Hudson is what he is—a really shiny handcuff to Sean Doolittle. And sure, I can see it. Doolittle isn’t renowned for his ability to stay healthy. It’s a fine dart to take. But I’m more interested in why Waxman made this move.
Waxman has Alex Colome, Jose Leclerc, and Keone Kela as his primary saves men. Making a move for Hudson (and cutting Garcia) might have been aided by Waxman’s good news on Spencer Howard, who appears to have the inside track for the fifth starter’s role in Philadelphia. I probably haven’t considered this enough as of yet, but in an abbreviated season MLB teams may have more of a luxury to put their best guys in sooner. Think about it. Say the season was only 81 games...every win will be at a premium. In the case of Howard, the Phillies would have likely limited his innings in 2020, and called him up as an impact arm for the stretch run. However, with a shortened season on tap, they’ll probably have the option of flinging Howard out there as soon as they think he’s ready. Howard pitched 99 1⁄3 innings last season, so he’d likely be able to handle a full workload in a shortened season. That’s a thought I may explore this week. What other guys are there that may get an early call due to a shortened season?
The $0 Adds
cut Shun Yamaguchi (Tor - P), add Yusei Kikuchi (Sea - P) — Ghoji Blackburn
Kikuchi absolutely trashed the back end of my TGFBI rotation in 2019, and I still haven’t forgiven him. But who can say how quickly Yamaguchi will adjust to the MLB game? Kikuchi’s 2019 debacle (5.46 ERA, 1.52 WHIP, 6.46 K/9) is a relevant case study. In Kikuchi, though, we get a guy who is only 28 (Yamaguchi is 32) and who theoretically learned some things in his first MLB season. As Yamaguchi is currently projected to begin the year in Toronto’s bullpen, making this switch seems savvy on multiple levels. And as much as I hate to admit it, Kikuchi appears to have a bit of upside heading into 2020...
We always like to point to something specific when searching for a breakout, and Kikuchi’s simplified delivery (and increased velocity) this spring could be what we look back at when the dust finally settles on 2020. I’ll direct you to an intriguing read at SB Nation’s own Lookout Landing, where Jake Mailhot discusses Kikuchi’s spring performance in depth.
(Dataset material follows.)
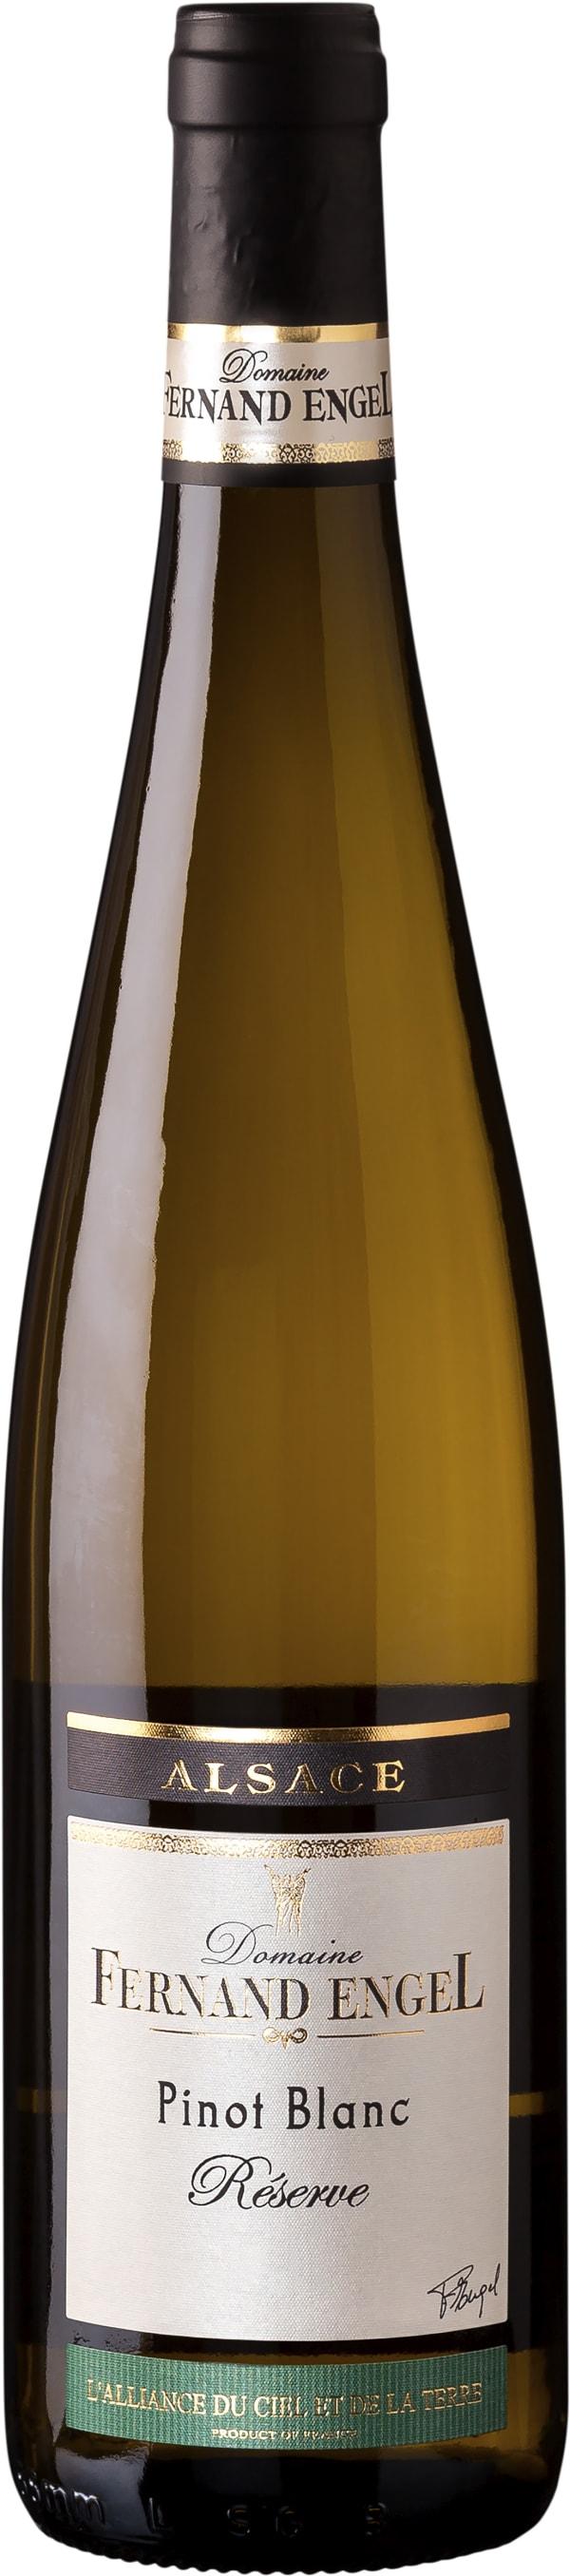 Fernand Engel Pinot Blanc Réserve 2019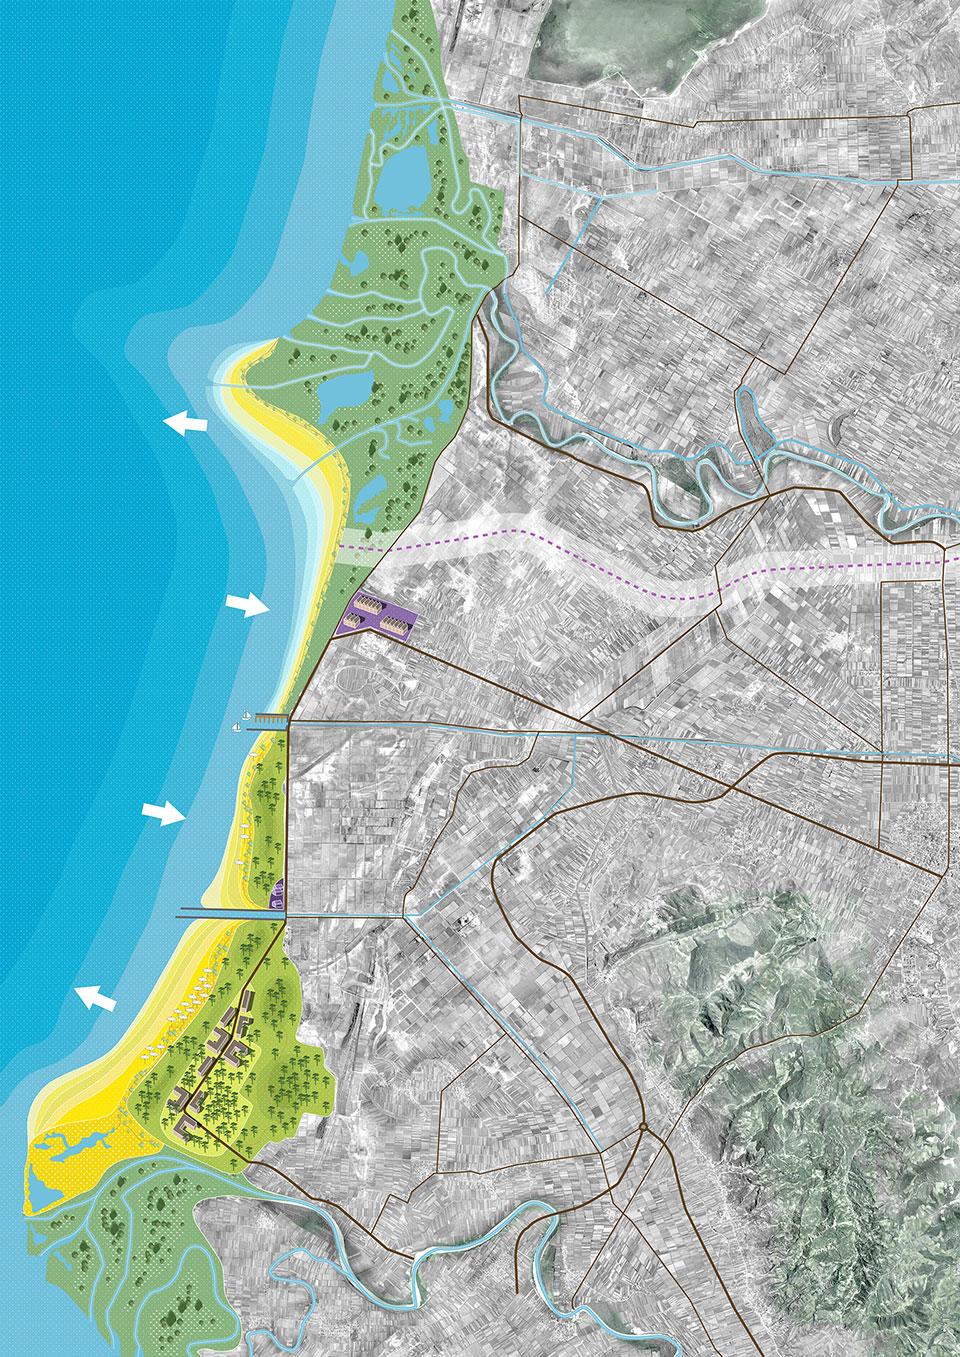 felixx-fier-basemap2.jpg

Long story short, Kikuchi averaged 92.5 mph on his fastball last season, but the adjustments in the spring mean he’s been up around 95 mph with the pitch—and his slider velocity has increased to about 90 mph after sitting around 86 mph last year. It’s something to monitor, at least. I still view Kikuchi as more of a streaming option, but these changes can sometimes stick.
cut Andres Munoz (SD - P), add Orlando Arcia (Mil - SS) — The Last of Us
Last but not least (really) is Orlando Arcia. I really considered this as a depth move initially, as felsenraster (The Last of Us) only has Bo Bichette and part-timer Jon Berti to cover his shortstop position. But apparently Arcia has enjoyed a hot spring, too. I’d say “I can’t believe I missed it,” but the truth is that Arcia hasn’t been on my radar in years. But right now I’ve got nothin’ but time, so it’s time to dig into Orlando Arcia...
In the not too distant past, Arcia was once a top 10 MLB prospect. Still just 25 years old, perhaps the career .243/.292/.360 hitter has finally figured things out? Arcia’s five spring training homers absolutely qualifies as a home run binge, as Arcia has a pint-sized .117 career ISO. So let’s explore. Here’s a quote from Arcia himself, which he shared with Todd Rosiak of the Milwaukee Journal Sentinel:
“It’s part of the work I’ve been doing with the hitting coaches, staying back on my back leg,” Arcia said. “Thankfully, the results have shown that. The main thing I’ve been focusing on is just staying back and finishing high on the swing and just getting into the ball.”
If staying back a bit more helps Arcia drive the ball more, perhaps we’ll see less grounders (career 52.7% rate) and more line drives (read: more hard contact). Arcia already quietly made a few adjustments in 2019, apparently. Generally noted as a free-swinger, Arcia trimmed his swing rate to an average 47.6% rate in 2019. That was accompanied by a career-best 10.6% swinging strike rate and career-high 77.5% contact rate. For reference, the average MLB contact rate in 2019 was 76.2%. Arcia was also exactly average with an 84.9% zone contact rate. Add in last year’s career-best 7.9% walk rate, and maybe there’s some hope he fends off Luis Urias and puts it all together? Maybe? At the very least, driving the ball more alongside being more judicious when he swings sounds like a good recipe.
The obvious caveat is that shortstop is stupid-deep and you’d need to be in dire straits to take a dart on him. But if you’re a Brewers fan, maybe you can be just a tad bit excited about the prospects of Arcia turning into an adequate MLB hitter. After all, if last year’s career-worst .253 BABIP normalizes and the walk rate holds, maybe he bats .250 with double-digit homers and steals. I could see it.
Okay ladies and gents...any further down the Orlando Arcia rabbit-hole and I might go a little bit crazy. It’s time to wrap this thing up. Let me know what you think of the adds, and whether or not your league is still running waivers—or still drafting at all. For me, I say let the good times roll. What else are we doing right now?